His wife regarded him with a fixed and offensive stare. Her face was 
red and her eyes were blazing. It was hard to ignore her gaze; harder
still to meet it. Mr. Henshaw, steering a middle course, allowed his 
eyes to wander round the room and to dwell, for the fraction of a 
second, on her angry face. 
"You've had dinner early?" he said at last, in a trembling voice. 
"Have I?" was the reply. 
Mr. Henshaw sought for a comforting explanation. "Clock's fast," he 
said, rising and adjusting it. 
His wife rose almost at the same moment, and with slow deliberate 
movements began to clear the table. 
"What--what about dinner?" said Mr. Henshaw, still trying to control 
his fears. 
"Dinner!" repeated Mrs. Henshaw, in a terrible voice. "You go and tell 
that creature you were on the 'bus with to get your dinner." 
Mr. Henshaw made a gesture of despair. "I tell you," he said 
emphatically, "it wasn't me. I told you so last night. You get an idea in 
your head and--" 
"That'll do," said his wife, sharply. "I saw you, George Henshaw, as 
plain as I see you now. You were tickling her ear with a bit o' straw, 
and that good-for-nothing friend of yours, Ted Stokes, was sitting 
behind with another beauty. Nice way o' going on, and me at 'ome all 
alone by myself, slaving and slaving to keep things respectable!" 
"It wasn't me," reiterated the unfortunate. 
"When I called out to you," pursued the unheeding Mrs. Henshaw, "you 
started and pulled your hat over your eyes and turned away. I should 
have caught you if it hadn't been for all them carts in the way and 
falling down. I can't understand now how it was I wasn't killed; I was a 
mask of mud from head to foot." 
Despite his utmost efforts to prevent it, a faint smile flitted across the
pallid features of Mr. Henshaw. 
"Yes, you may laugh," stormed his wife, "and I've no doubt them two 
beauties laughed too. I'll take care you don't have much more to laugh 
at, my man." 
She flung out of the room and began to wash up the crockery. Mr. 
Henshaw, after standing irresolute for some time with his hands in his 
pockets, put on his hat again and left the house. 
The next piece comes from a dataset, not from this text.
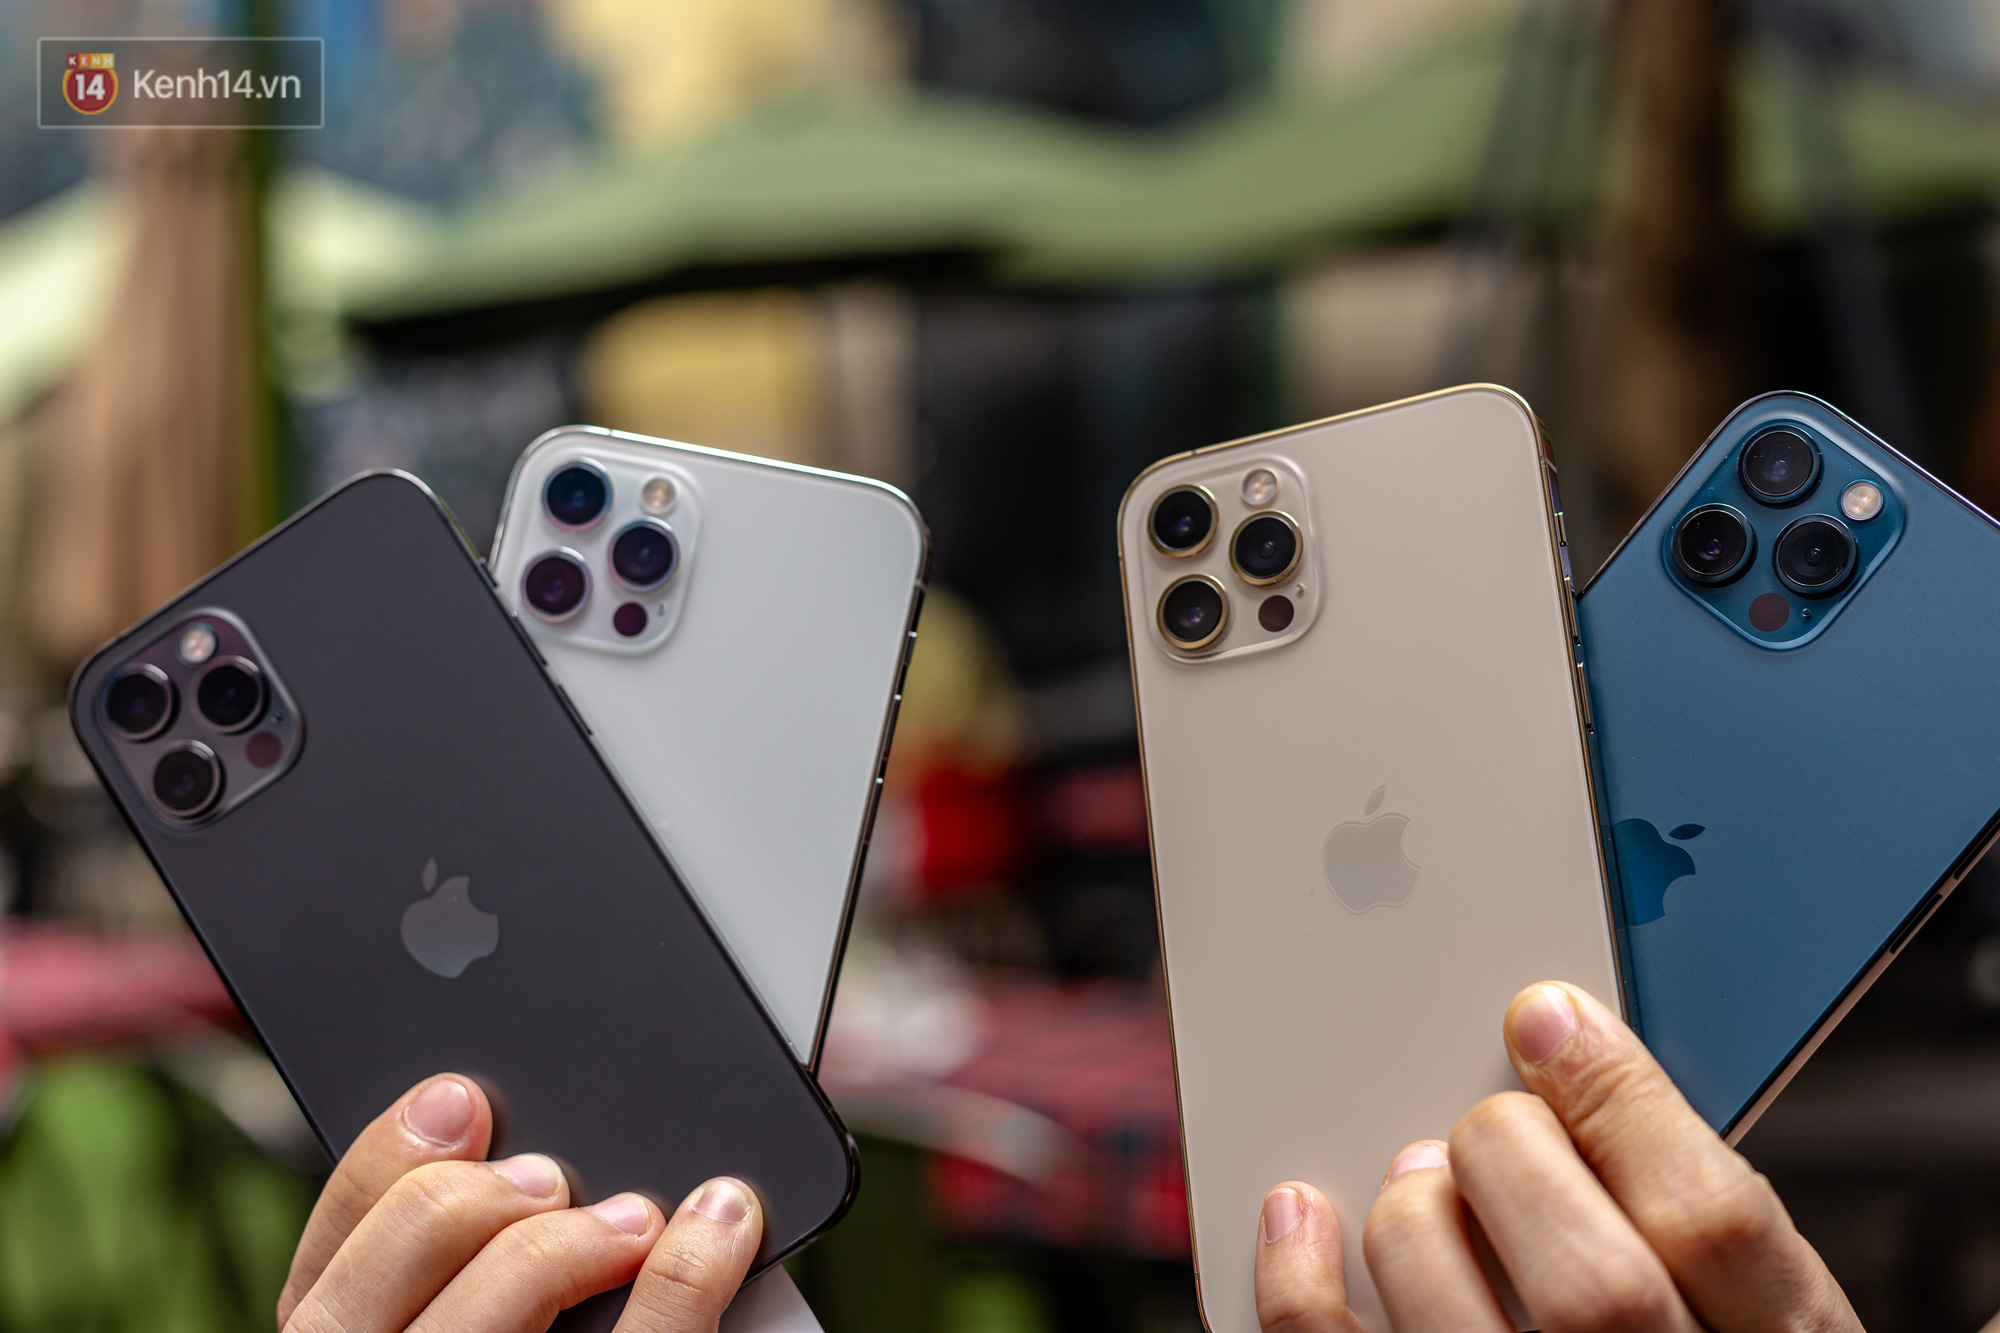 Đập hộp Liệu iPhone 12 màu xanh navy có đẹp NHƯ LỜI ĐỒN  Công nghệ

He dined badly at a small eating-house, and returned home at six 
o'clock that evening to find his wife out and the cupboard empty. He 
went back to the same restaurant for tea, and after a gloomy meal went 
round to discuss the situation with Ted Stokes. That gentleman's 
suggestion of a double alibi he thrust aside with disdain and a stern 
appeal to talk sense. 
"Mind, if my wife speaks to you about it," he said, warningly, "it wasn't 
me, but somebody like me. You might say he 'ad been mistook for me 
before." 
Mr. Stokes grinned and, meeting a freezing glance from his friend, at 
once became serious again. 
"Why not say it was you?" he said stoutly. "There's no harm in going 
for a 'bus-ride with a friend and a couple o' ladies." 
"O' course there ain't," said the other, hotly, "else I shouldn't ha' done it.